Non ha avuto brillantezza. Non è riuscito a contrapporre un discorso di sostanza. È apparso impacciato, sconclusionato, ferito.
Il gigante Matteo Salvini, il carismatico ‘Capitano’, – ieri nell’Aula del Senato – è sbattuto contro gli scogli.
Il capo del Carroccio è apparso spento, demotivato, sofferente. I ceffoni del premier Giuseppe Conte hanno lasciato il segno sul suo volto.
Il presidente del Consiglio ha sfoggiato stile, eleganza, una dose di smemoratezza che hanno asfaltato il ministro dell’Interno.
Ciò che è apparso lampante è stata la mediocrità dei concetti espressi da Salvini, il ghigno nervoso, i gesti poco coordinati con le parole.
Qualcuno ha evocato l’immagine del pugile suonato o di chi ha sorseggiato troppo mujito.
Salvini ha mostrato e manifestato uno stato confusionario. Posizioni e ragioni politiche traballanti. Argomenti poco convincenti. A netto della sceneggiata del bacio del Rosario.

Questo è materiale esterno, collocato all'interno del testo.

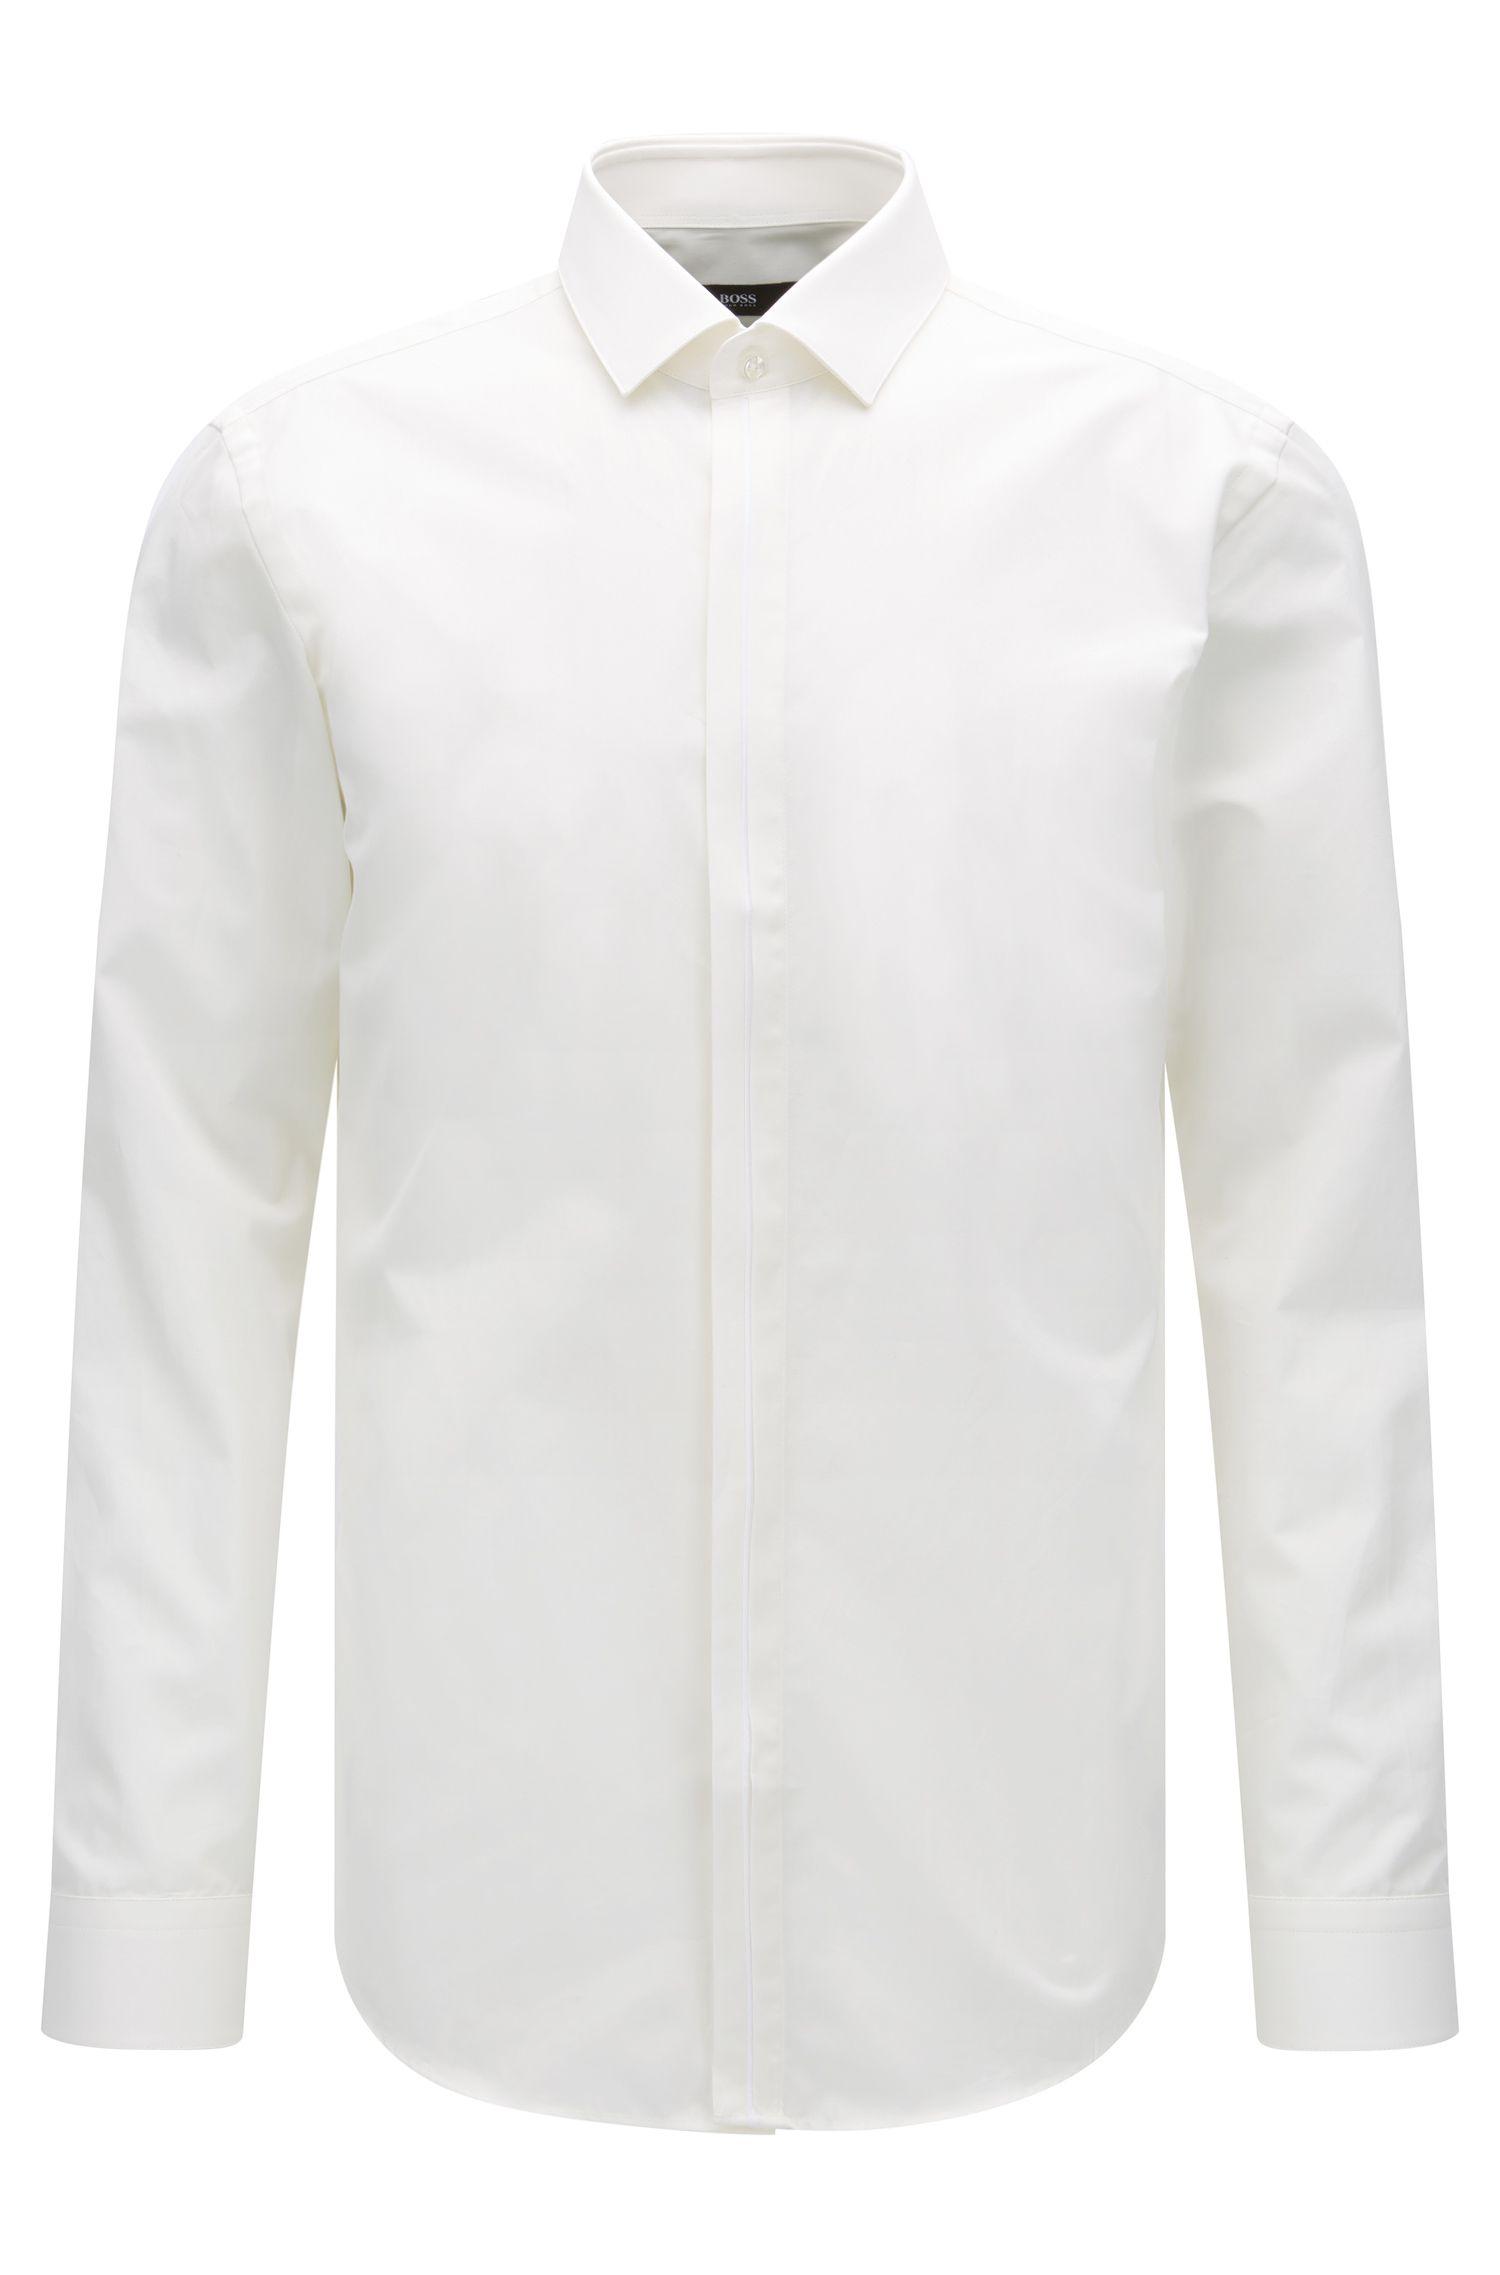 Chemise Slim Fit en coton avec patte de boutonnage contrastante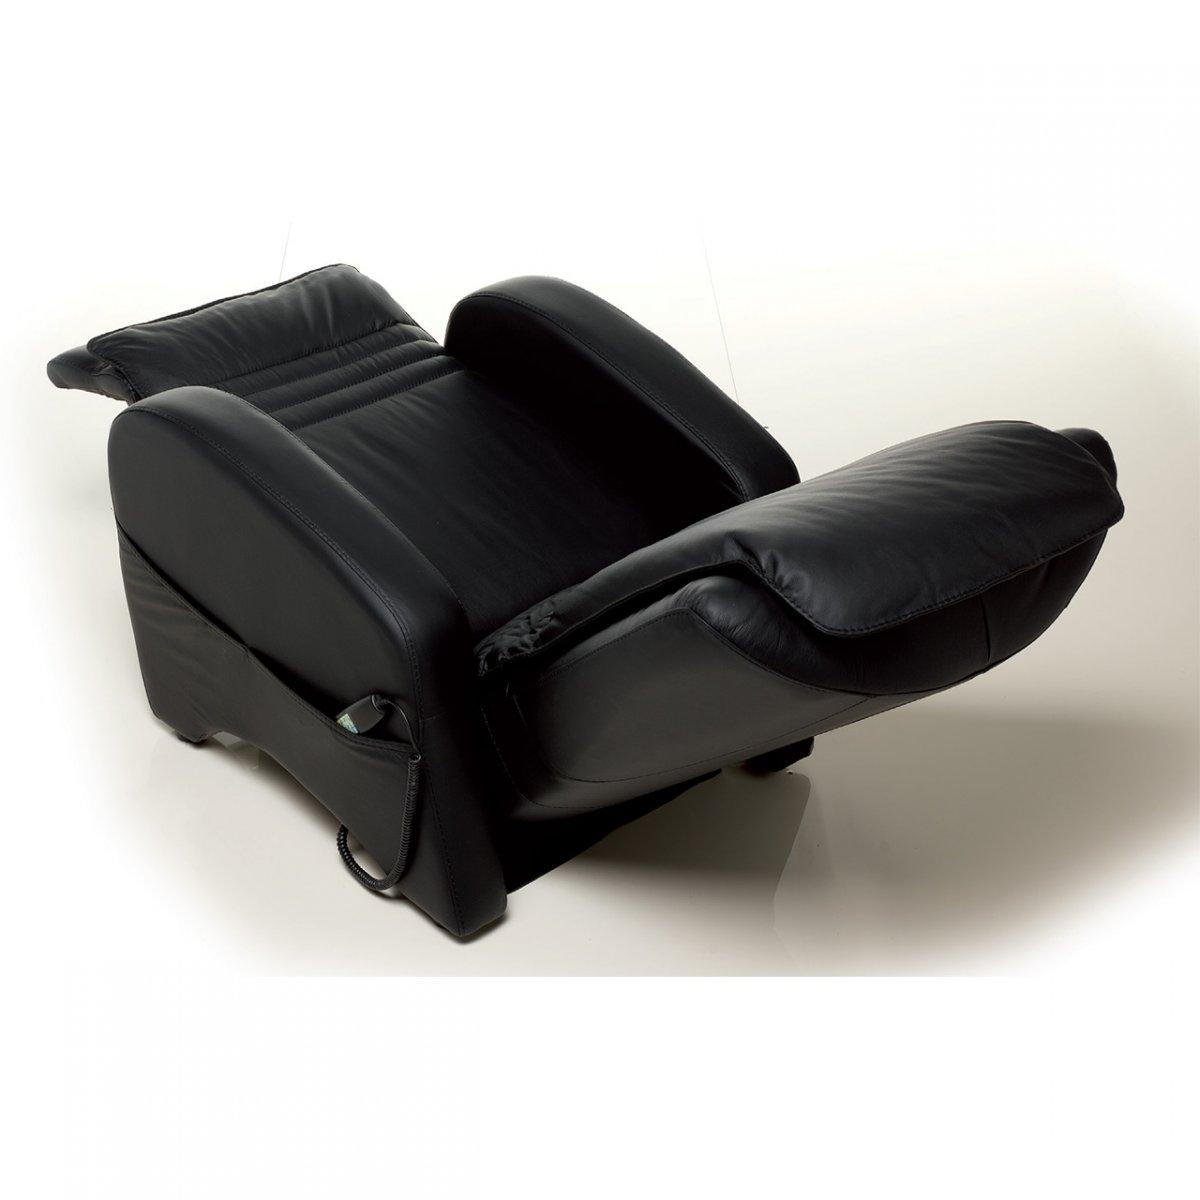 Poltrone Relax In Pelle.Vitarelax Poltrona Relax Lift Romy Pelle Lux E Massaggio Shiatsu

Slogan da piazza e da lido balneare che poco c’entravano con il Senato detta anche Camera Alta appunto per discorsi importanti, argomentati e di prospettiva.
Lacune politiche che riportano Salvini nella sua realtà, nel suo vissuto ovvero cresciuto nel vivaio della Lega Nord all’ombra di Umberto Bossi e Roberto Maroni ma facente parte della guagliunera leghista.
Salvini ha fatto cilecca. Parole stanche, poco convincenti a tratti una cantilena di cose dette e ridette. Senza entrare e spiegare il merito della sua sterzata della rottura di Ferragosto.
Non è un segreto: Salvini ha rotto l’alleanza di governo nella piena solitudine. I colonnelli della Lega non sapevano nulla. Hanno appreso la decisioni a cose fatte dalle agenzie.
Una follia politica che ha avuto solo il merito o demerito politico di ridestare un cadaverico Movimento 5 Stelle e rimescolare le carte del Paese che si prepara ad essere inghiottito da una crisi economica seria.
Salvini e la sua Lega resteranno all’opposizione di un eventuale nuovo governo. Il Carroccio non gode di ottima salute.
A parte la bolla mediatica e le stanche uscite pirotecniche del suo leader per guadagnare titoli, il partito ha grossi problemi finanziari, il peso di inchieste giudiziarie e correnti interne che non hanno mai visto di buon occhio la svolta nazionale di Salvini.
E sibillino Giancarlo Giorgetti sorridendo sarcastico a chi gli chiede se adesso si aprirà o meno la resa dei conti: “Nella Lega non c’è dibattito, non c’è democrazia. Decide un capo”.